I was up before the alarm a little before 3:30am. When it came time to go, it took only three or four minutes to get our shit together and leave the room, partly because Gretchen had slept in her clothes.
Our cab to JFK was technically a gypsy cab driven by an affable gentleman from Guyana. We were nice and didn't tell him that the only thing most Americans (including us) know about Guyana is that it was the country selected by Jim Jones for the final setting of his suicide cult. As our driver pointed out, people from Guyana have a bit of an advantage in the United States, since they are an English-speaking people. The job he'd had the longest had been in the airport, turning off fire alarms that idiots had pulled (either accidentally or out of malice). He'd never actually dealt with a fire alarm legitimately pulled due to the presence of a fire.

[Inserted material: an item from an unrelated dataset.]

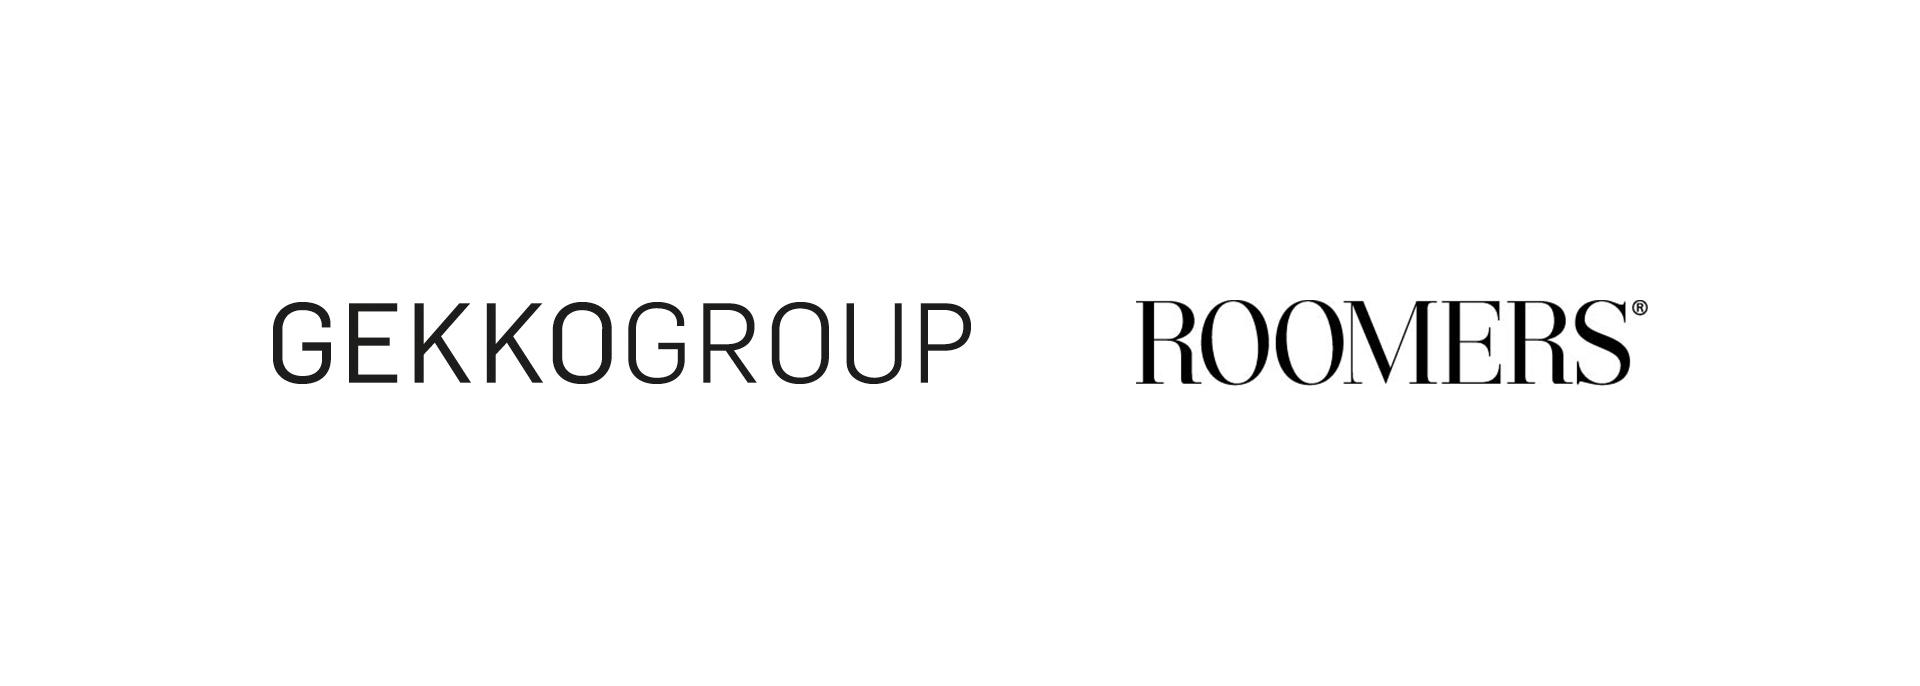 Make-A-wish-premium-partner-gekko-group-Roomers

Today was the 35th day of the largest government shutdown in American history, the result of Donald Trump's demand that 5.7 billion dollars for his unpopular wall along the Mexican border be put in the federal budget. Since this is a trollish demand that would, if met, lead only to further demands (don't feed the trolls!), Nancy Pelosi has been wisely refusing to yield. Thus the continuation of the shutdown. We were concerned that the shutdown would snarl lines leading through security checkpoints, as TSA employees are all federal workers who, today, would still be working despite not having received a second paycheck. Obviously, it not being a good time to be working for the federal government, plenty of these people would either not be showing up for work or working at something less than peak efficiency. But the security checkpoint for JetBlue seemed to be moving reasonably quickly, at least at this early hour. Gretchen thanked one of the TSA employees for his service. He indicated that people have been going out of their way to show appreciation. These poor folks never make more than about $44,000 year.
As usual, Gretchen had arranged for us to have window and aisle seats on either side of middle seat. Often when we do this, we get the middle seat as well, though on the flight to Ft. Lauderdale, an optometrist was seated between us, so I gave him the window seat.
JetBlue provides free WiFi, though it tends to peter out somewhere over the Caribbean. For a time I watched a crappy made-for-airplane movie entitled Thirteen Going On Thirty, about a desperate-for-popularity tween in the 80s who gets her wish of being transported to her 30s, suddenly finding herself an attractive (and no longer awkward) youngish woman with a great career and a hunkish boyfriend in the year 2004. The movie was crammed full of nostalgic triggers, starting with the scenes (and soundtrack) set the in the 1980s and continuing into the early 2000s, when it was made. Oddly, the early-2000s take on the 1980s seemed less garish (and realistic) than later takes, such as the temporal setting of Stranger Things.
I'd never been in the Ft. Lauderdale airport, and I can't say I was impressed. Somewhere Gretchen scared up a bean wrap for me. I knew it would be flavorless and went looking for hot sauce, but I couldn't find any, not even at the damn Chilis near our gate. The presence of a mainstream restaurant named for a flavor that couldn't be obtained made perfect sense, in a Florida sort of way.
We got lucky on our flight to Costa Rica and nobody was seated in the middle seat between us. On this leg, I was drinking booze I'd mixed into an overpriced airport orange juice. (As much as my financial position has improved, I still haven't reached the point where I am willing to pay for alcohol on an airplane). This caused me to doze off for an hour or so, though I also had enough time to watch the ending of Thirteen Going On Thirty.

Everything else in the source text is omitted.